I liked Pat Schroeder because she was feisty, young, and had common sense.
The women in Congress made a big deal about how difficult it was to access bathrooms, as the House and Senate anterooms were not built to accommodate women. Many of our institutions were not built to accommodate women.
I recognize, even in writing this story, that many of these changes happened in time for me to be a beneficiary. I voted before I was 21. I got a cred card after I started my first job. I received disability payments and maternity leave a few years later.
Oh, I could tell stories, and you may, too, of job interviews that offered concern that a woman might have to leave work after dark when it was unsafe. I experienced what would be considered harassment with a laugh — because it was just considered normal behavior.
I remember an English teacher making fun of the title Ms., which he said stood for manuscript and would be confusing. Besides, if married, a woman was known as Mrs. John Doe, she even lost her first name, so what was the point?

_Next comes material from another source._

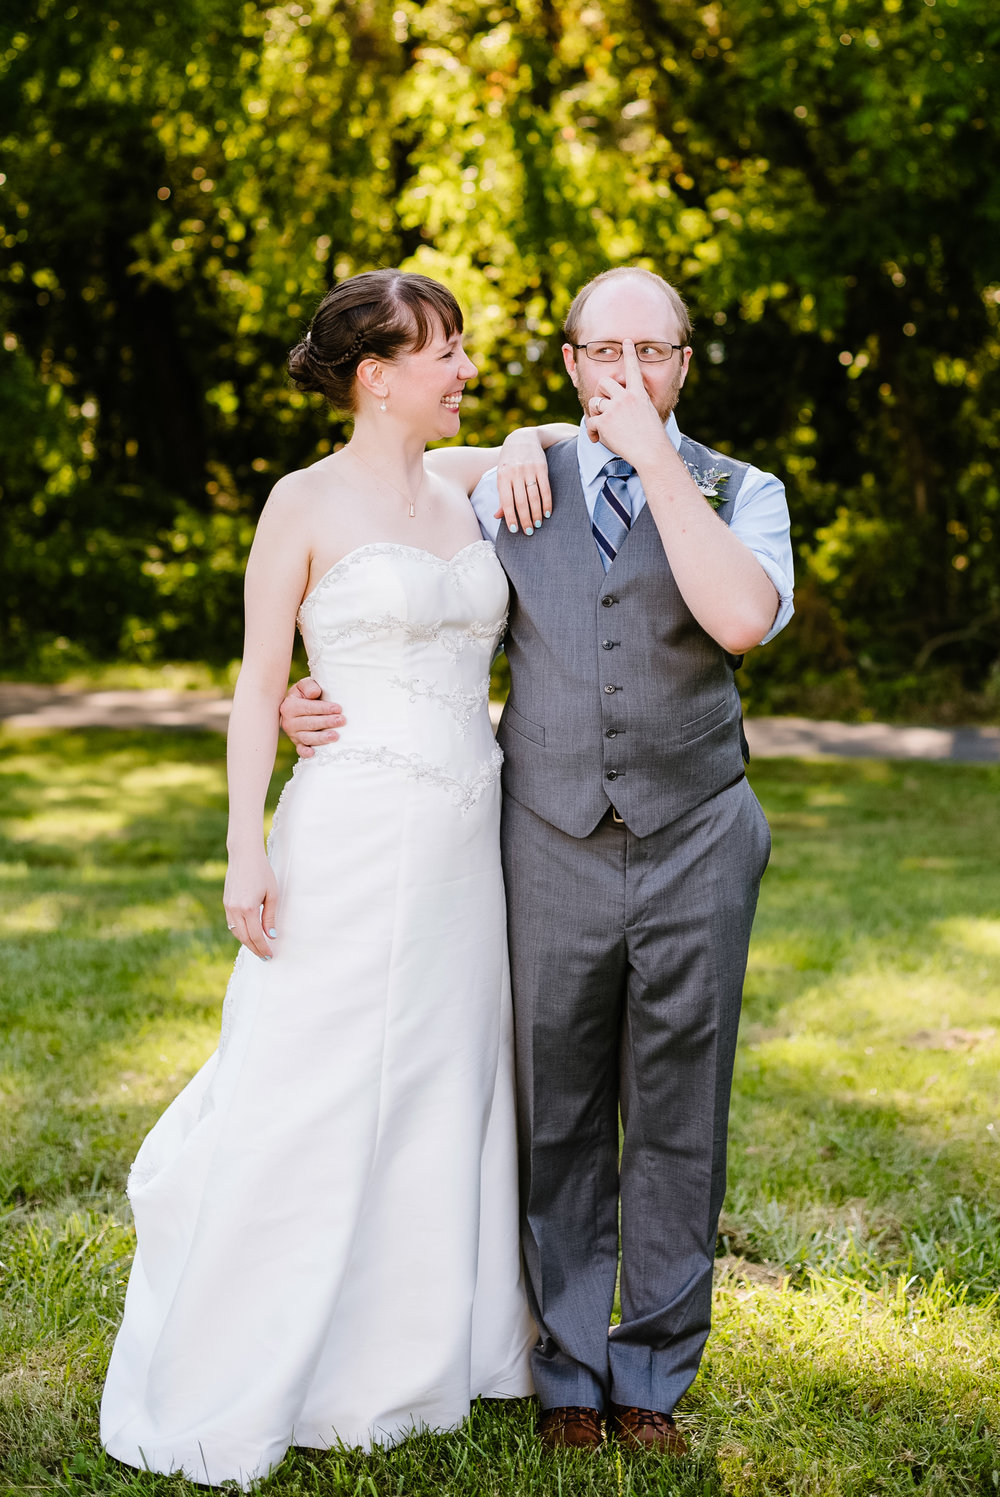 VA-nerd-groom-down-home-portrait.jpg

Congresswoman Pat Schroeder, one of many pioneering women who made the path easier for those of us who followed, proved the point. Maybe we made it easier for those who followed us and were no longer the first woman to have a role, take that class, or expect equal benefits and salaries. We could leave work after dark.
It’s Women’s History Month, and women’s history, like Black History, or any sub-genre of history, is really just all history. Or herstory. I’ve been lucky to come of age at a time of change, and get to influence it, and be part of it, in small ways.
Of course, we are always part of history, but it is important to remember our leaders and fellow travelers.
And to offer the gratitude of Thanks, Pat Schroeder.